» DATA TO EXAMINE
* * * *

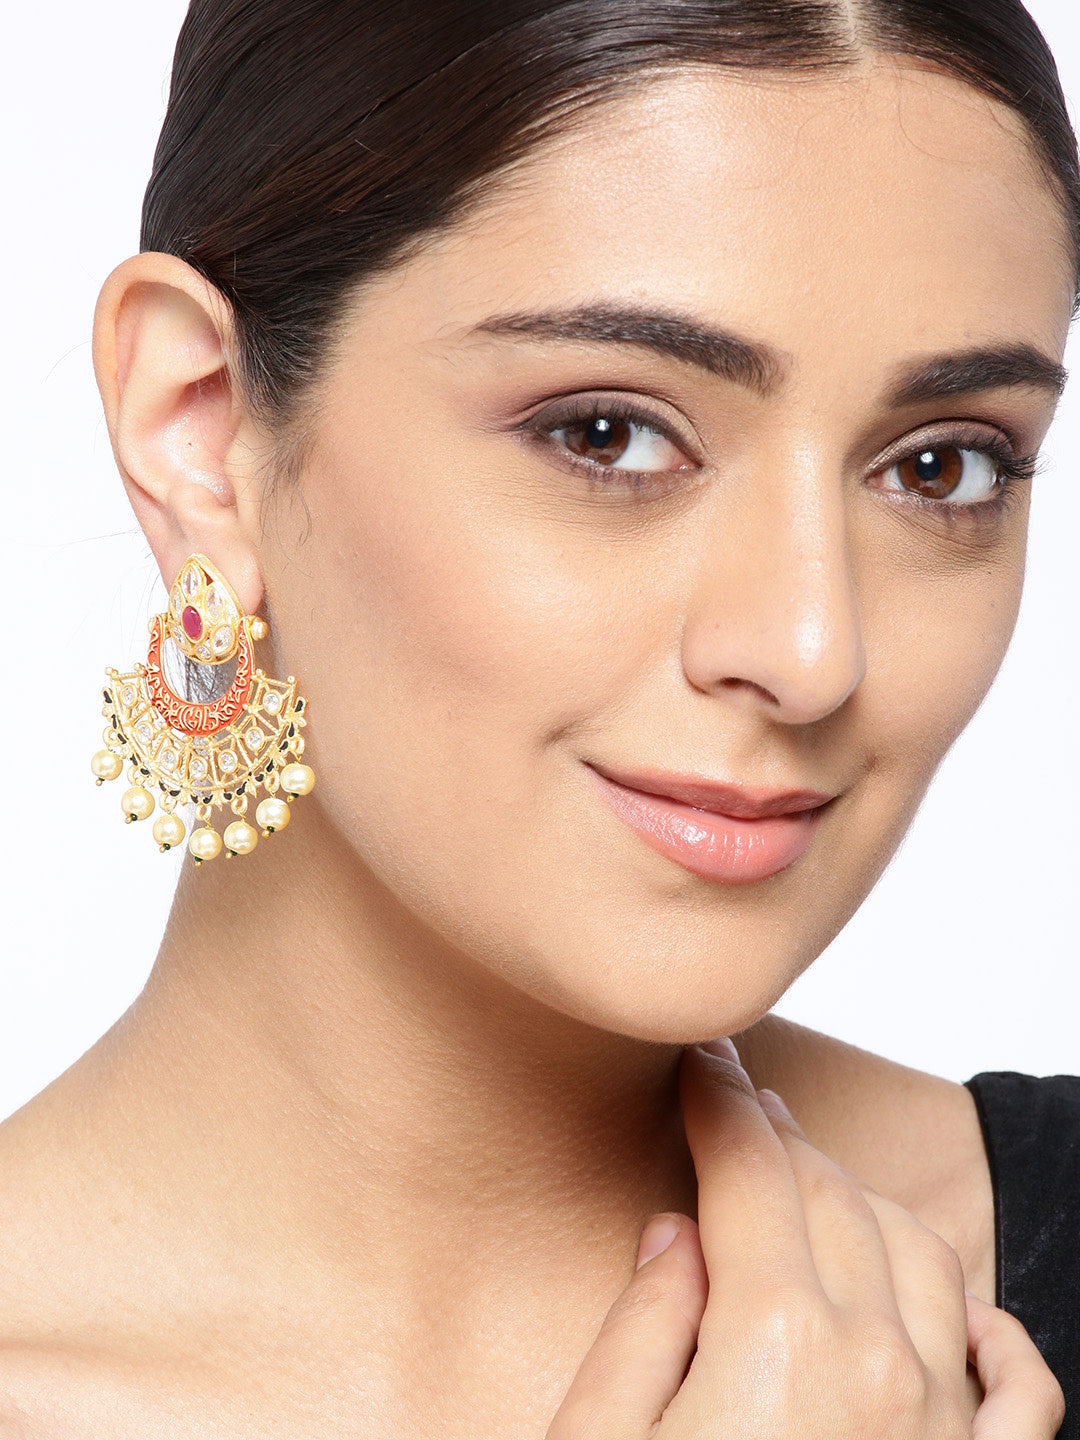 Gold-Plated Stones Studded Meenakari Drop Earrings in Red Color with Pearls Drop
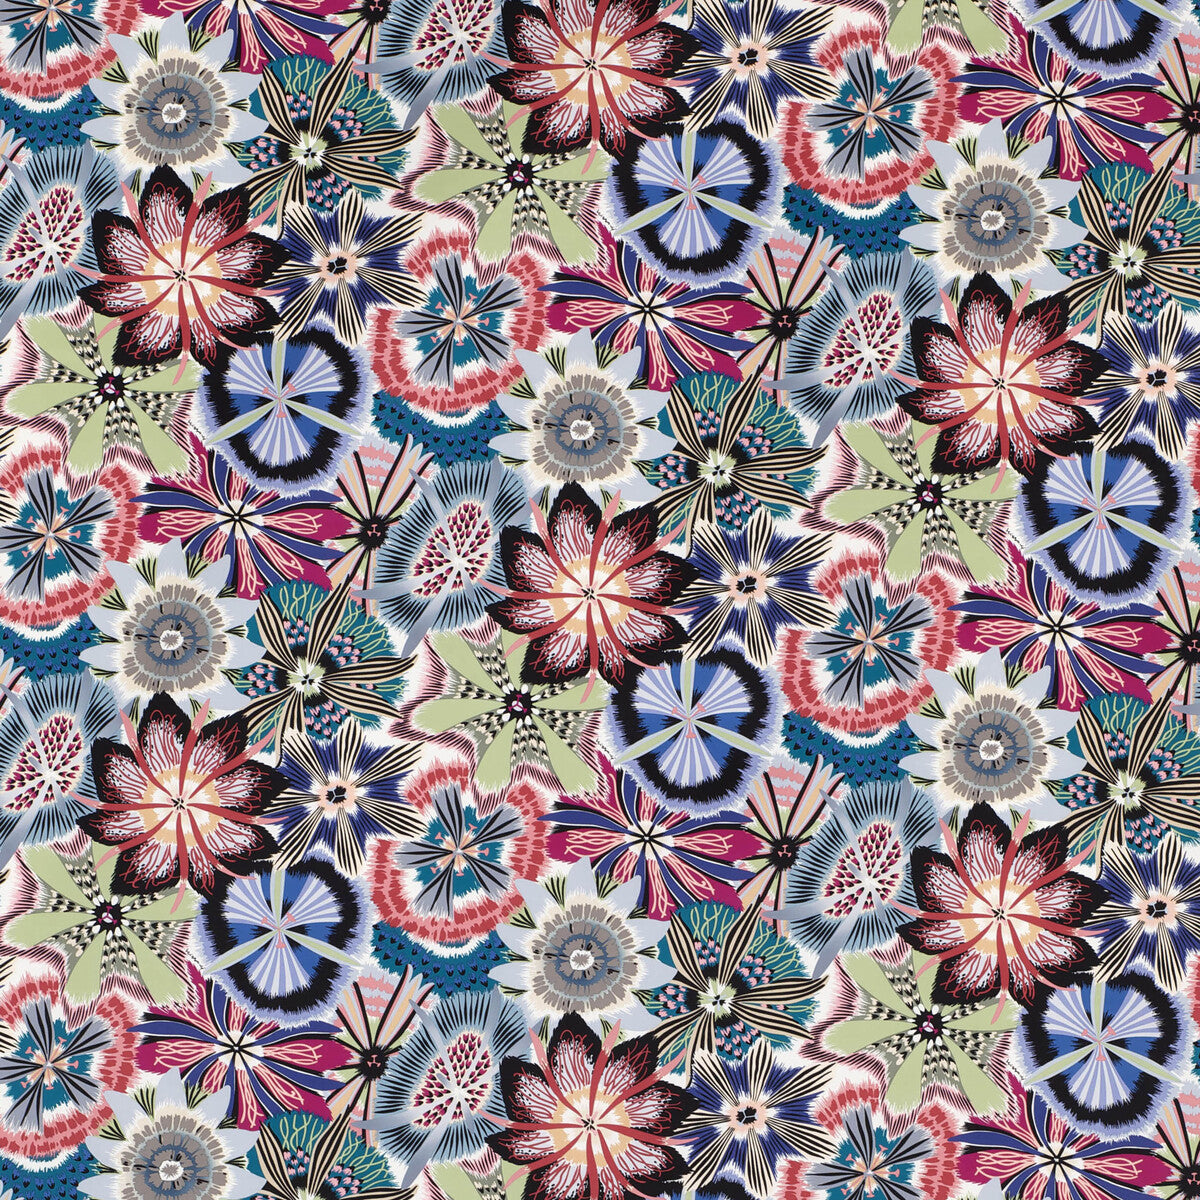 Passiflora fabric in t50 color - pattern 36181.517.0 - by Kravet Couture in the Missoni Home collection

* * * *

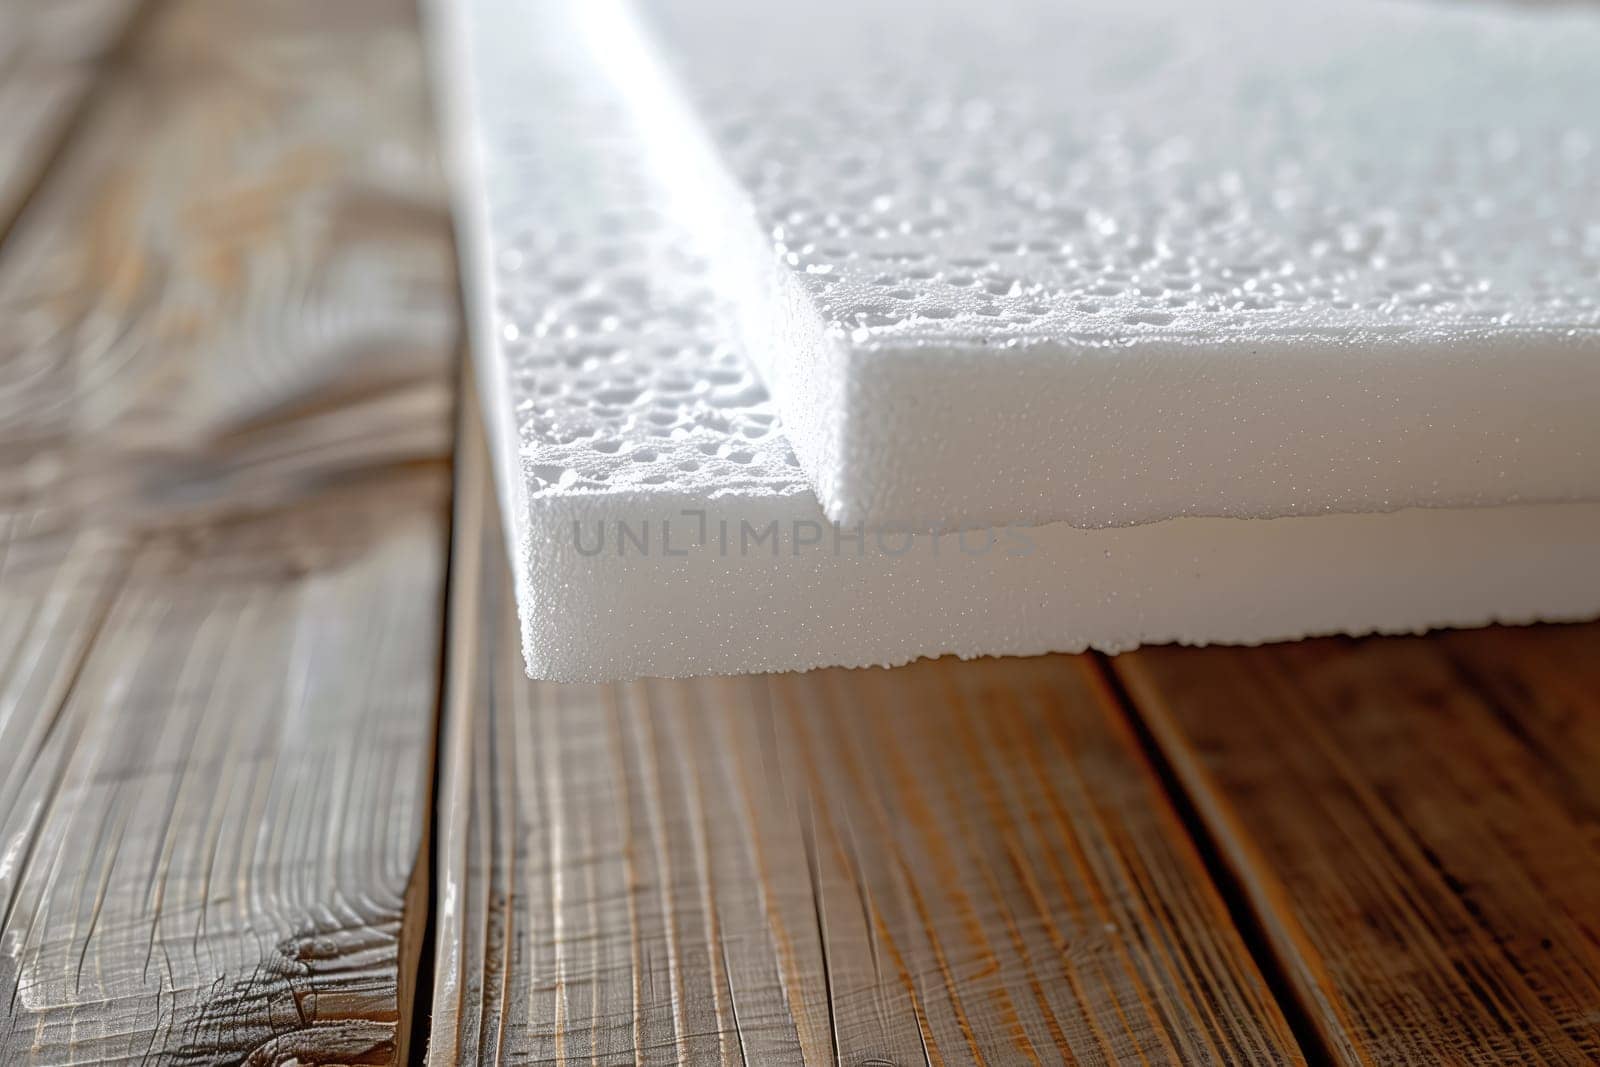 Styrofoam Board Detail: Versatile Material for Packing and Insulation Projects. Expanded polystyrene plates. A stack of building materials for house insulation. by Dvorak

* * * *

» TO DO
A word-for-word reproduction is needed of the lines above from the line containing "Gold-Plated Stones Studded" through the line containing "Passiflora fabric in", with both ends kept and no pictures.

» ANSWER FOR THIS EXERCISE
 Gold-Plated Stones Studded Meenakari Drop Earrings in Red Color with Pearls Drop
 Passiflora fabric in t50 color - pattern 36181.517.0 - by Kravet Couture in the Missoni Home collection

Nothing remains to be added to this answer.